UK Labour’s nationalized broadband election bid is seemingly free of logic

Source:Global Times Published: 2019/11/18 19:38:39

A city view of London Photo: VCG



"British Broadband" is a catchy alliterative title, but that's about all. The opposition Labour party on Thursday announced it wants to nationalize telecoms provider BT's network in order to give everyone speedy fiber connections. State ownership might fix the country's lagging communications infrastructure, but the promise of free web surfing risks condemning the idea to previous failed experiments in public ownership like British Coal or carmaker British Leyland.

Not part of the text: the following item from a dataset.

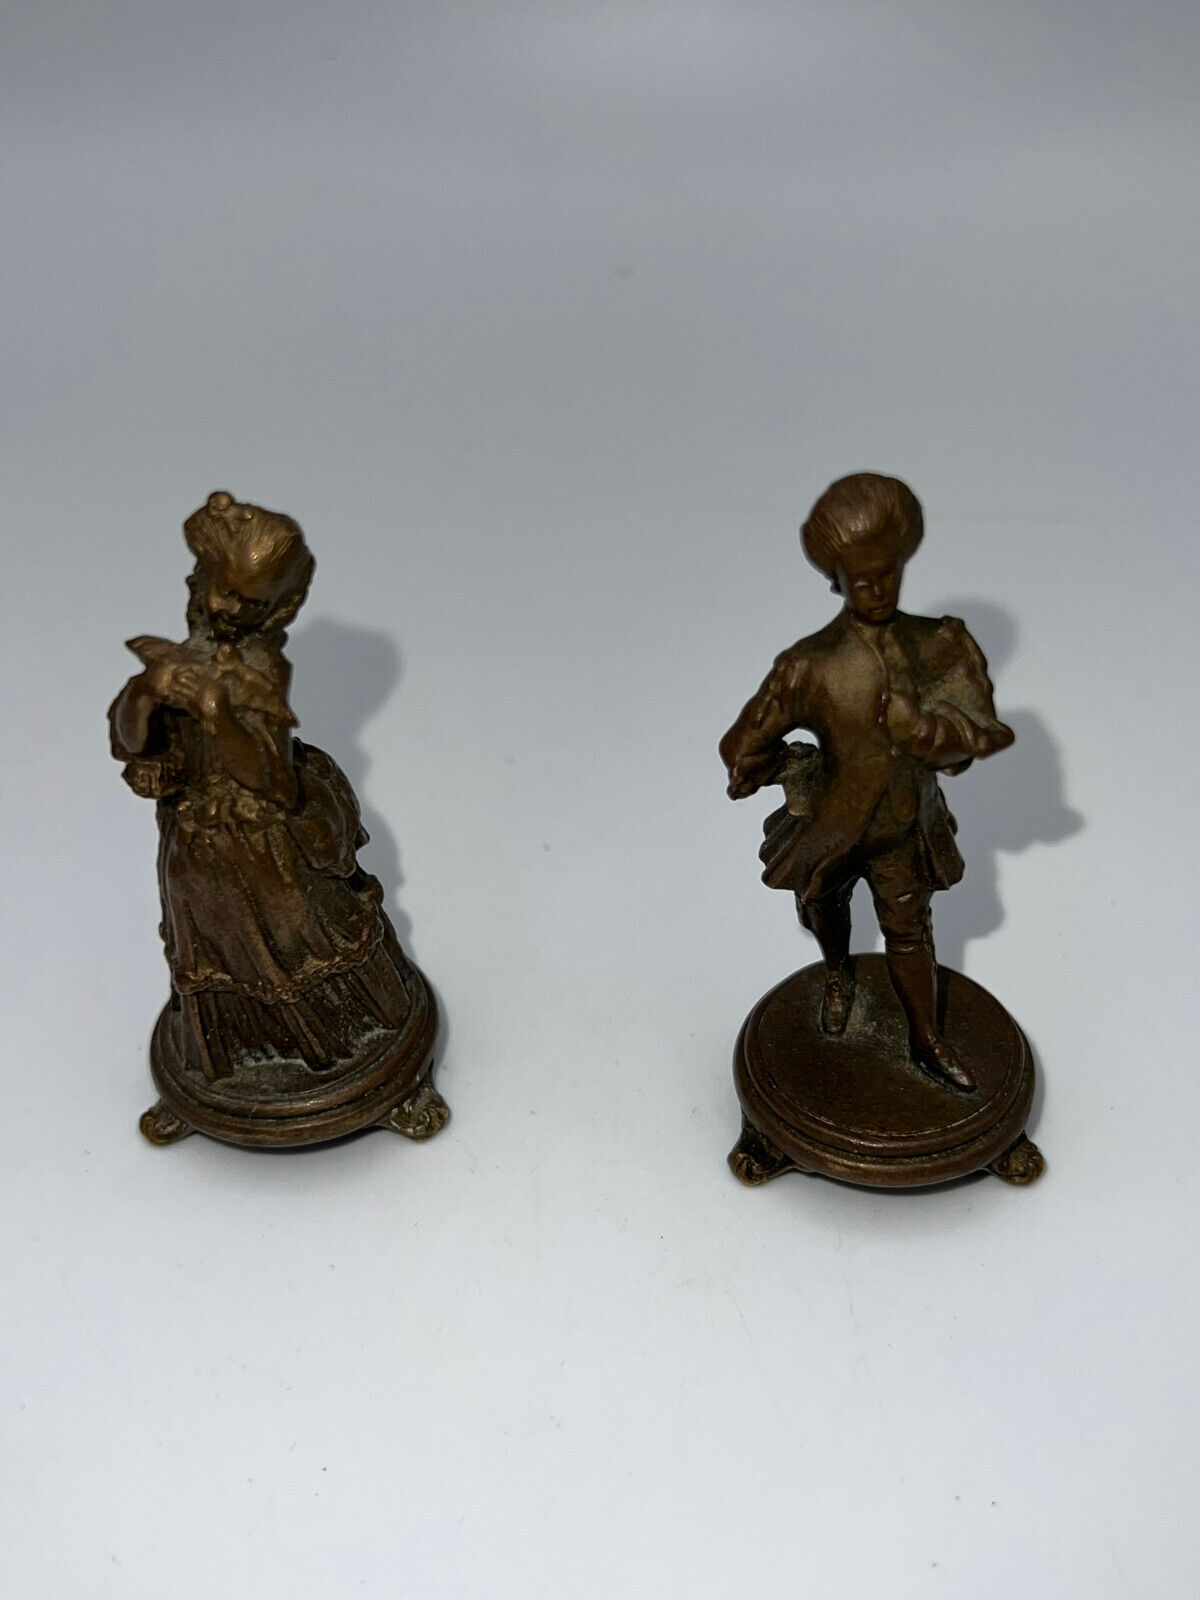 Antique Pair of English or French Figurine Miniatures Late 19th Century Style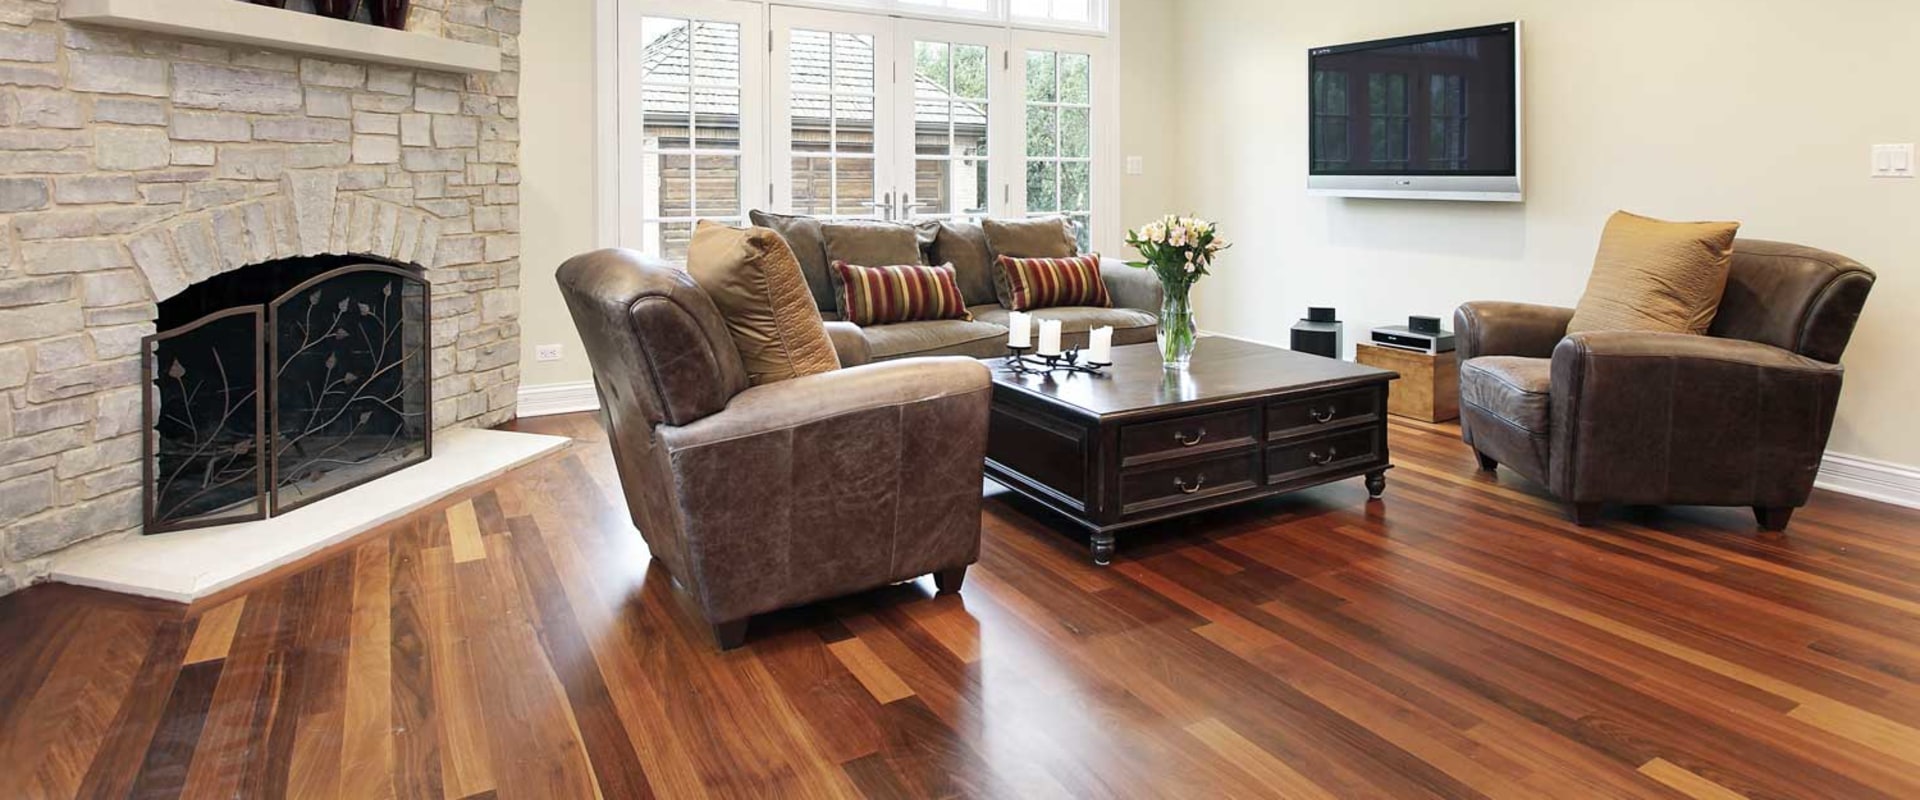 Are Wood Floors a Smart Investment?

Labour leader Jeremy Corbyn's proposal drags Britain's relatively poor levels of connectivity into the heart of the December 12 election. BT's fiber network currently reaches just 1.6 million homes, 9 percent of the total and way behind Spain and France. The company could crank up investment, but needs to provide a return to shareholders. Nationalizing BT's Openreach network would allow the state to complete the task.

That's an expensive proposition, though. Openreach earned 2.4 billion pounds ($3.1 billion) of EBITDA in the year to March. Valued at the 5 times multiple investors currently attach to the whole of BT, buying it back might cost taxpayers 12 billion pounds. Labour reckons extending the fiber network to 18 million homes would cost an additional 20 billion pounds. BT Chief Executive Philip Jansen says the bill would be twice as high.

But Labour is taking the idea further by promising to provide fiber broadband to the entire population free of charge. That cranks up the costs. Labour estimates the cost of running the fiber network at just 230 million pounds a year. Fiber is cheaper to maintain than old copper networks but that's still hard to square with Openreach's annual operating expenses of about 2.6 billion pounds.

To pay for the giveaway, Labour wants to tax multinationals like Amazon according to their presence in the UK, rather than on the earnings they report locally. How much this would raise is unclear. So is the question of compensating rival UK broadband providers like Liberty Global and Comcast-owned Sky, whose businesses would presumably be wiped out.

Opinion polls suggest Labour's chances of forming a government that could implement the plan are slim. This helps explain the less than 2 percent drop in BT shares on Friday morning. British politics could do with a healthy debate about its broadband needs. Unfortunately, the unbaked idea of free internet for all undermines that discussion.